Quiz: Convert each of these two expressions to normal form:

// Q1
v1.f = v2.f
// Q2
v1.f.g = v2.h

Answer:

// A1
tmp = v2.f
v1.f = tmp
// A2
tmp1 = v1.f
tmp2 = v2.h
tmp1.g = tmp2

2.3 Andersen’s Algorithm

One of the most well-known pointer analysis algorithms is Andersen’s algorithm. The algorithm, that builds the points-to graph for a given program, was published in 1994. Note that the structure of the algorithm is similar to the Worklist algorithms that we presented in the dataflow analysis module.

graph = empty
repeat:
	for (each statement s in program)
		apply rule corresponding to s on graph
until graph stops changing

Starting with an empty graph, we examine statements that create pointers and update the graph based on points-to-relationships. The algorithm terminates when the graph stops changing.

The set of statements that we iterate over is obtained using the flow-insensitive abstraction we just presented. In addition to removing control flow, we also removed any statements that did not “affect pointers.” Let’s dive into the details of which statements are included.

2.3.1 Rule for Object Allocation

By now, you should be convinced that we can take a program written in our simplified Java-like language and express its pointer operations using the six simple statements we introduced earlier.

In order to perform Andersen’s algorithm, we need to understand how each type of statement affects the points-to-graph. The graph is updated depending on the type of statement currently being analyzed.

To make things more concrete, let’s see how an object allocation statement affects points to relations.

For a statement v=new B, we create a new allocation site node called B, we create a variable node for v (if it doesn’t already exist), and then add a blue arrow from the variable node to the allocation site node.

Note that if there is already an arrow from v to another allocation site node (say A), we just need to add a new arrow from v to B. This rule, as well as all the remaining rules we’ll discuss, is a “weak update,” in which we accumulate instead of replace the points-to information (which would be a “strong update”). This type of update rule is a hallmark of flow-insensitivity.
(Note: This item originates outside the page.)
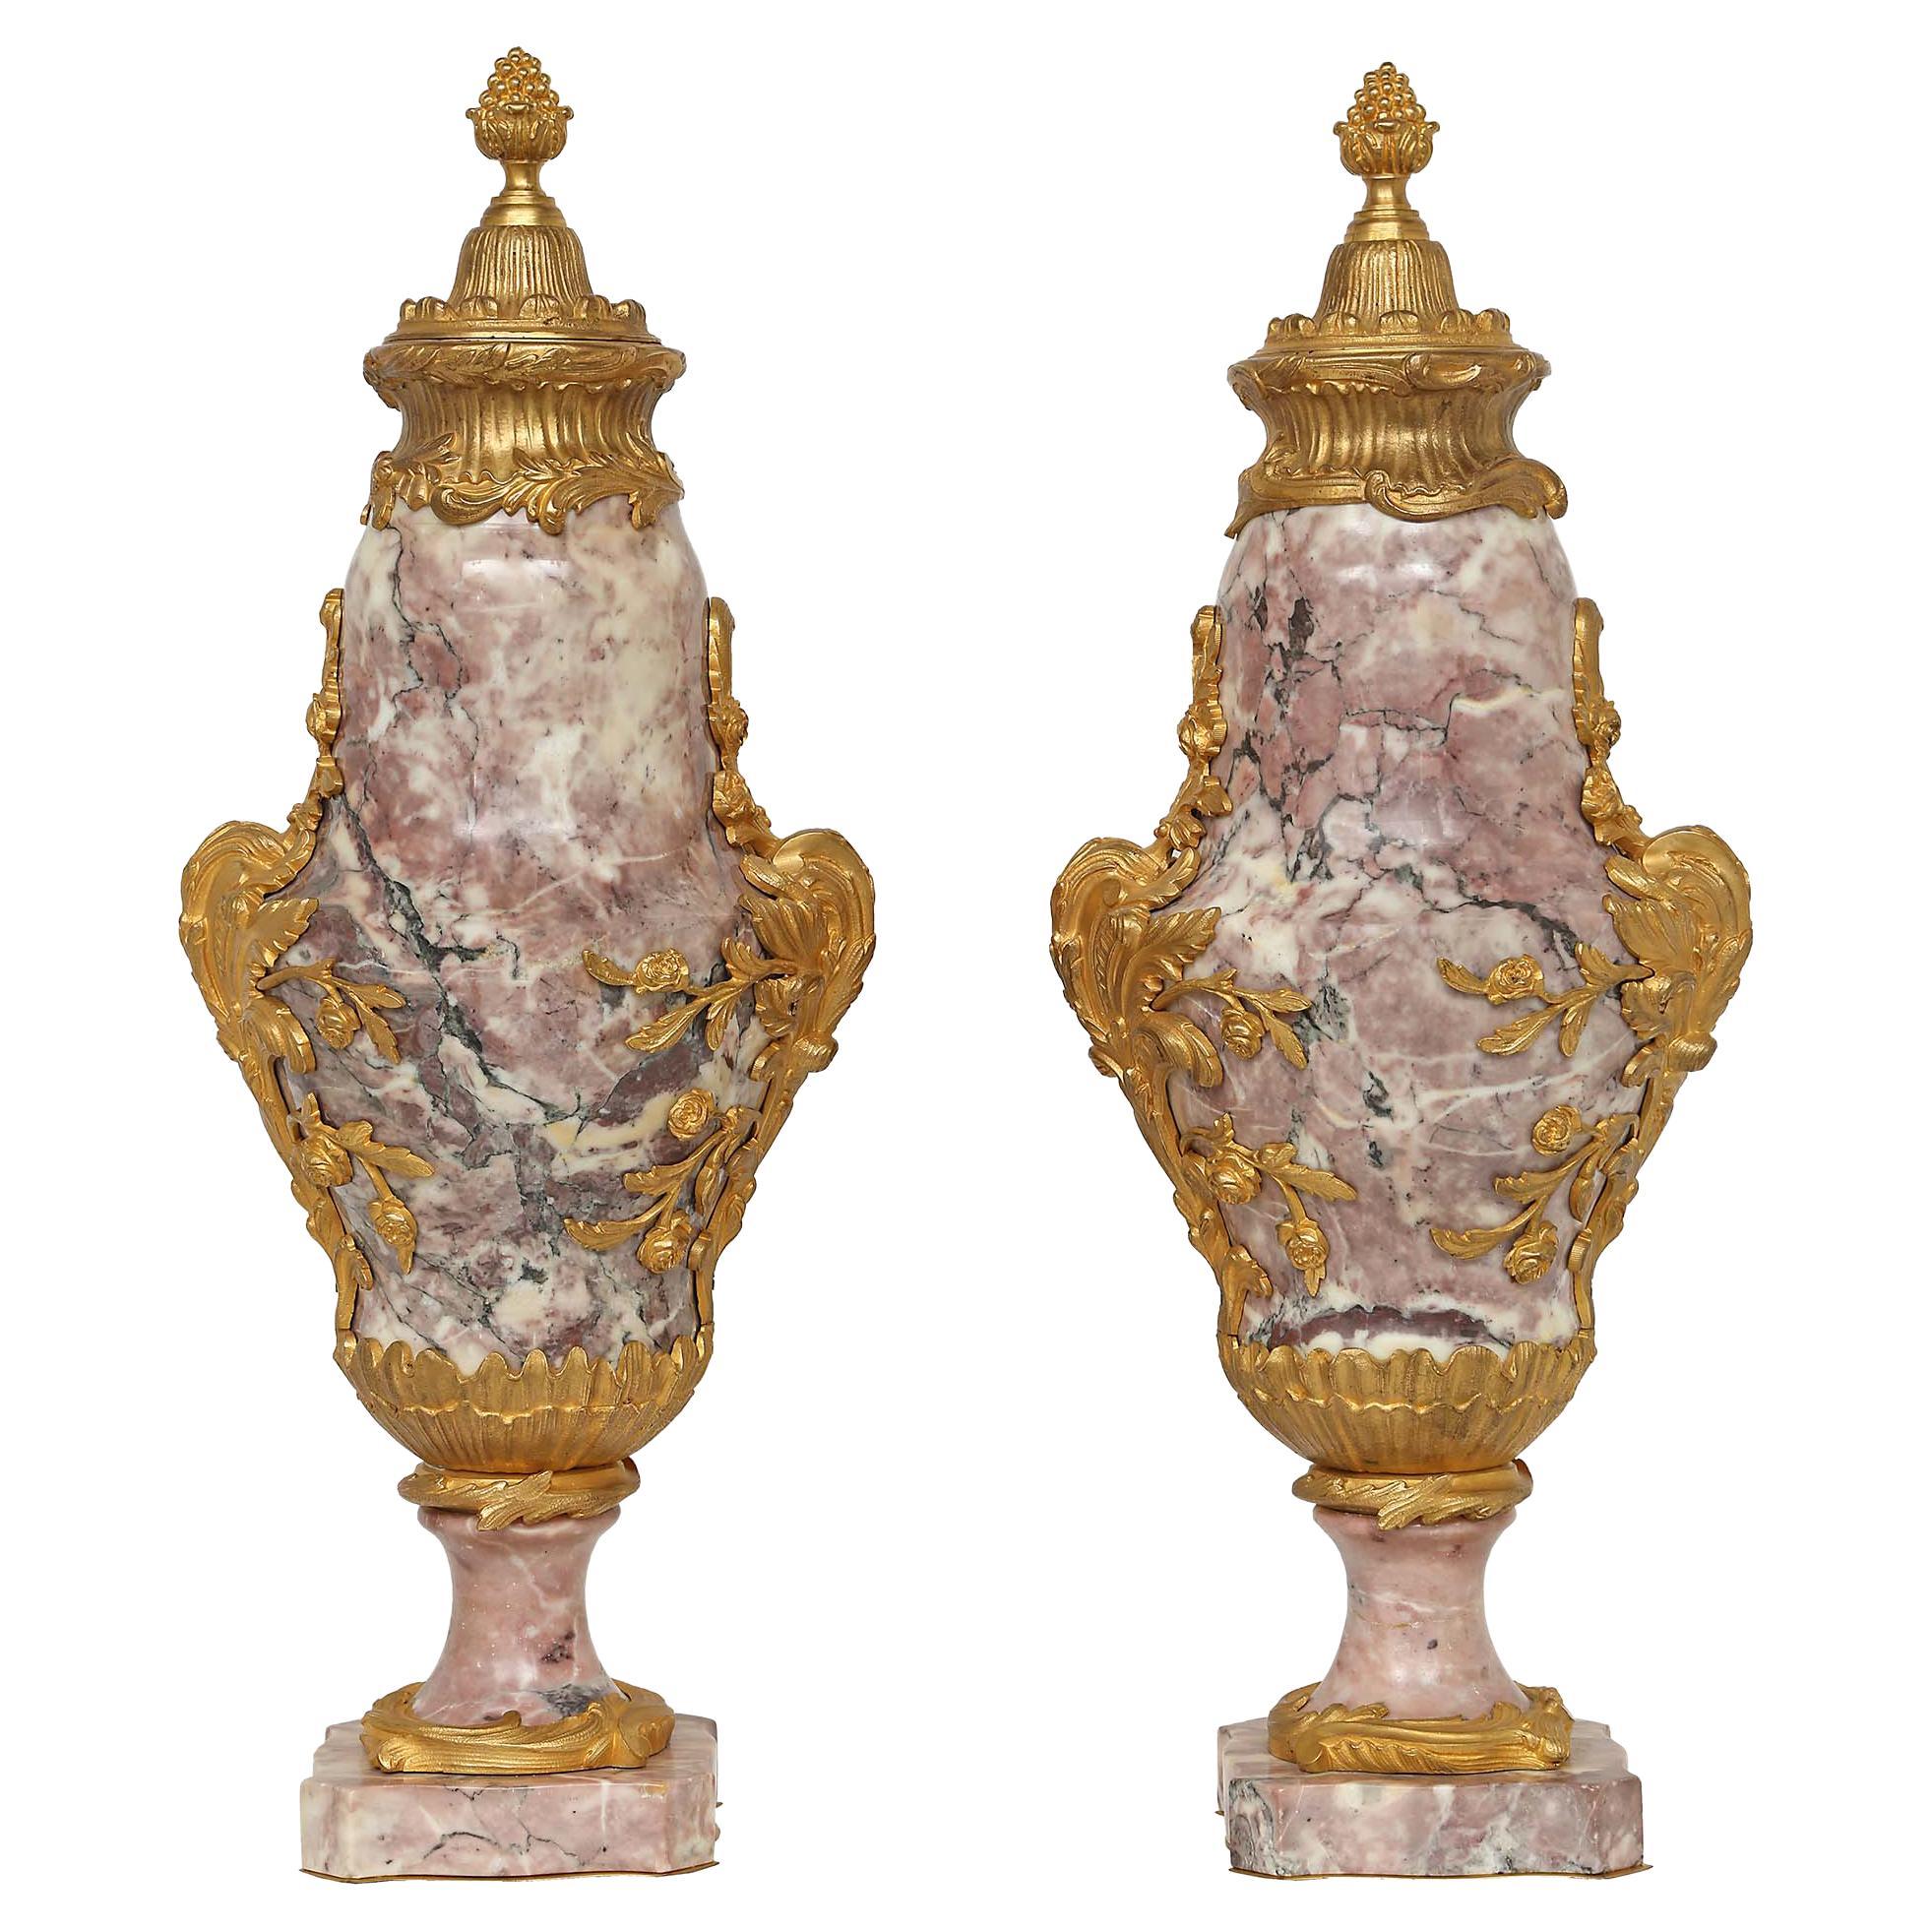 French Louis XV Style Mid-19th Century Ormolu and Marble Cassolettes

Looking at our example Elevator program, let’s use the object allocation sites rule to create a partial points-to-graph.

2.3.2 Rule for Object Copy

Now, let’s expand our points-to-graph to include a few more relationships.

First, let’s add alias relationships created through “object copy.”

For the statement v1 = v2, we create a variable node for v1 (if it doesn’t already exist), and then add a blue arrow from the variable node for v1 to all nodes pointed to by the variable node for v2.

Again note that we do not remove or replace any existing arrows from v1. v1 merely accumulates another arrow to B.

In words, v1 now additionally points to what v2 points to.

2.3.3 Rule for Field Writes

Now, let’s see how field writes affect relationship in a points-to-graph. Field-write statements can be one of the following forms.

Although the two statements shown here are syntactically different, they will have the same affect on a points-to graph.

Prior to the field write statement, suppose v1 points to A and v2 points to B. Additionally, A has a link between its allocation site and the allocation site for the field f, or equivalently, the array member denoted by [*]. This represents the portion of memory specifically reserved for the field or array member.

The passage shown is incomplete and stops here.